Authenticating options

Credentials can be loaded from different locations, you can either specify the credentials as they are in the previous block of configuration, assume an IAM role, or load them from other Boto3 supported locations..

Environment variables

If you're using a single AWS account for all your buckets this could be the most suitable option for you. You just have to define the following environment variables:

  • AWS_ACCESS_KEY_ID

  • AWS_SECRET_ACCESS_KEY

Profiles

You can define profiles in your credentials file (~/.aws/credentials) and specify those profiles on the bucket configuration.

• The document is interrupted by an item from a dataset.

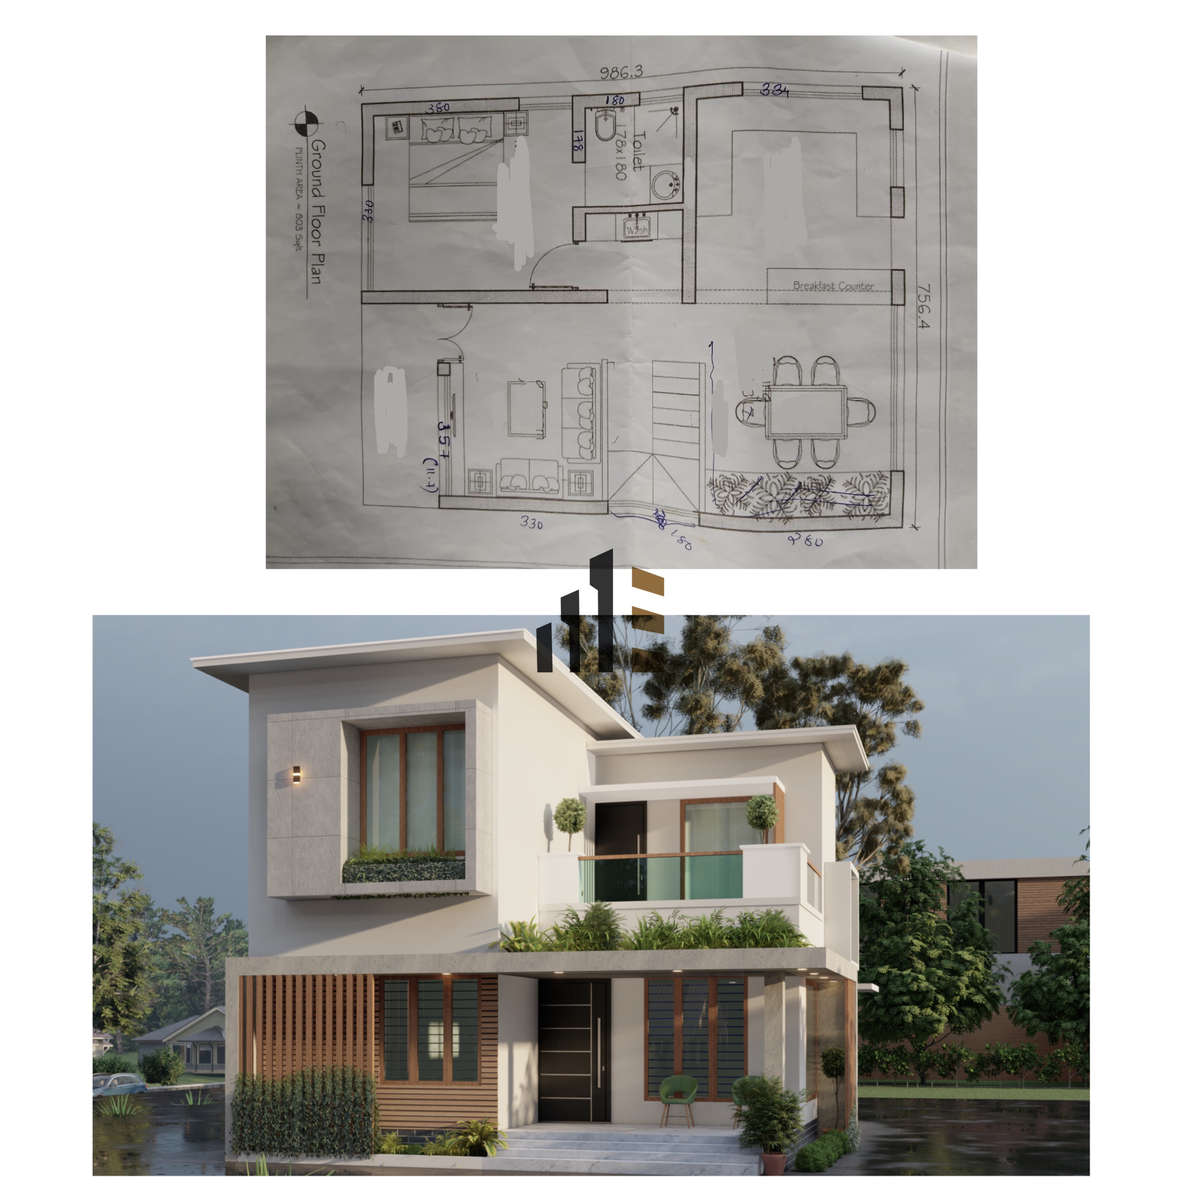 Designs by Architect bihash arshak, Palakkad | Kolo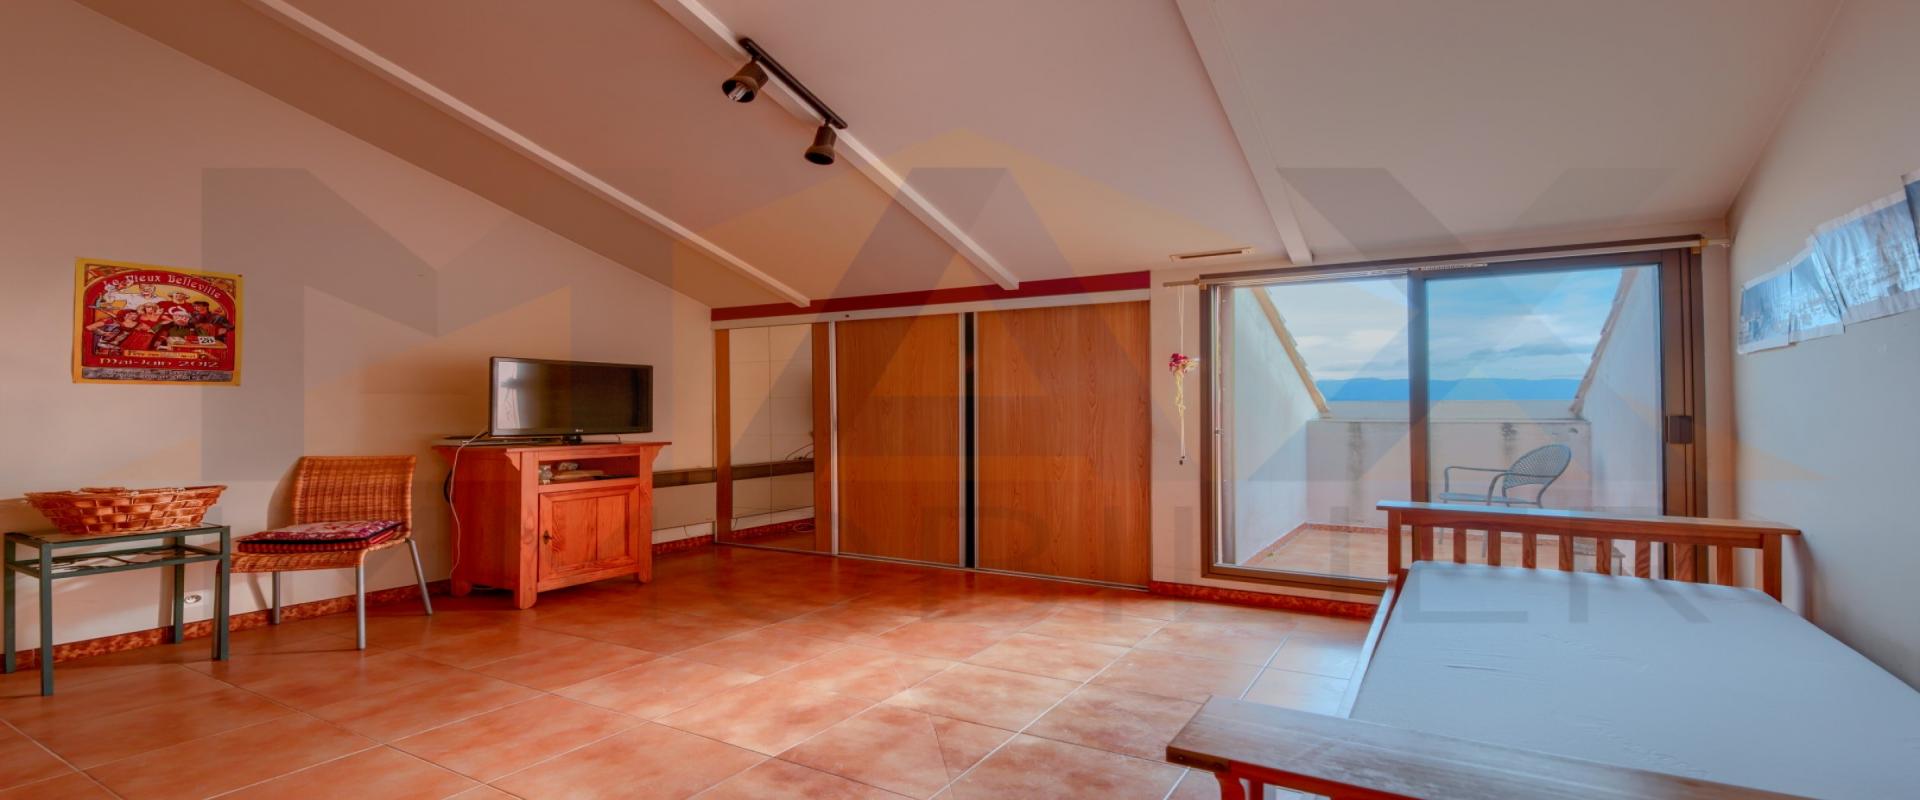 En Corse, à Ajaccio, place Miot, un studio de 25 m² au dernier étage avec vue mer.

For example, the following credentials file defines three different profiles: default, dev and prod.

[default]
aws_access_key_id=foo
aws_secret_access_key=bar

[dev]
aws_access_key_id=foo2
aws_secret_access_key=bar2

[prod]
aws_access_key_id=foo3
aws_secret_access_key=bar3

To use the prod profile in the AWS integration you would use the following bucket configuration:

 <bucket type="cloudtrail">
   <name>my-bucket</name>
   <aws_profile>prod</aws_profile>
</bucket>

IAM Roles

Warning

This authentication method requires some credentials to be previously added to the configuration using any other authentication method.

IAM Roles can also be used to access the S3 bucket. Follow these steps to create one:

  1. Go to Services > Security, Identity & Compliance > IAM.

  1. Select Roles in the right menu and click on the Create role button:

  1. Select S3 service and click on Next: Permissions button:

  1. Select the previously created policy:

  1. Click on Create role button:

  1. Access to role summay and click on its policy name:

  1. Add permissions so the new role can do sts:AssumeRole action:

  1. Come back to the role's summary, go to Trust relationships tab and click on Edit trust relationship button:

  1. Add your user to the Principal tag and click on Update Trust Policy button:

Once your role is created, just paste it on the bucket configuration:

 <bucket type="cloudtrail">
   <name>my-bucket</name>
   <access_key>xxxxxx</access_key>
   <secret_key>xxxxxx</secret_key>
   <iam_role_arn>arn:aws:iam::xxxxxxxxxxx:role/wazuh-role</iam_role_arn>
</bucket>

IAM roles for EC2 instances

You can use IAM roles and assign them to EC2 instances so there's no need to insert authentication parameters on the ossec.conf file. This is the recommended configuration. Find more information about IAM roles on EC2 instances in the official Amazon AWS documentation.

This is an example configuration:

<bucket type="cloudtrail">
  <name>my-bucket</name>
</bucket>

Considerations for configuration

Filtering

If the S3 bucket contains a long history of logs and its directory structure is organized by dates, it's possible to filter which logs will be read by Wazuh. There are multiple configuration options to do so:

  • only_logs_after: Allows filtering logs produced after a given date. The date format must be YYYY-MMM-DD, for example, 2018-AUG-21 would filter logs produced after the 21th of August 2018 (that day included).

  • aws_account_id: This option will only work on CloudTrail buckets. If you have logs from multiple accounts, you can filter which ones will be read by Wazuh. You can specify multiple ids separating them by commas.

  • regions: This option will only work on CloudTrail buckets. If you have logs from multiple regions, you can filter which ones will be read by Wazuh. You can specify multiple regions separating them by commas.

  • path: If you have your logs stored in a given path, it can be specified using this option. For example, to read logs stored in directory vpclogs/ the path vpclogs need to be specified. It can also be specified with / or \.

Older logs

The aws-cloudtrail wodle only looks for new logs based upon the key for last processed log object, which includes the datetime stamp. If older logs are loaded into the S3 bucket or the only_logs_after option date is set to a datetime earlier than previous executions of the wodle, the older log files will be ignored and not ingested into Wazuh.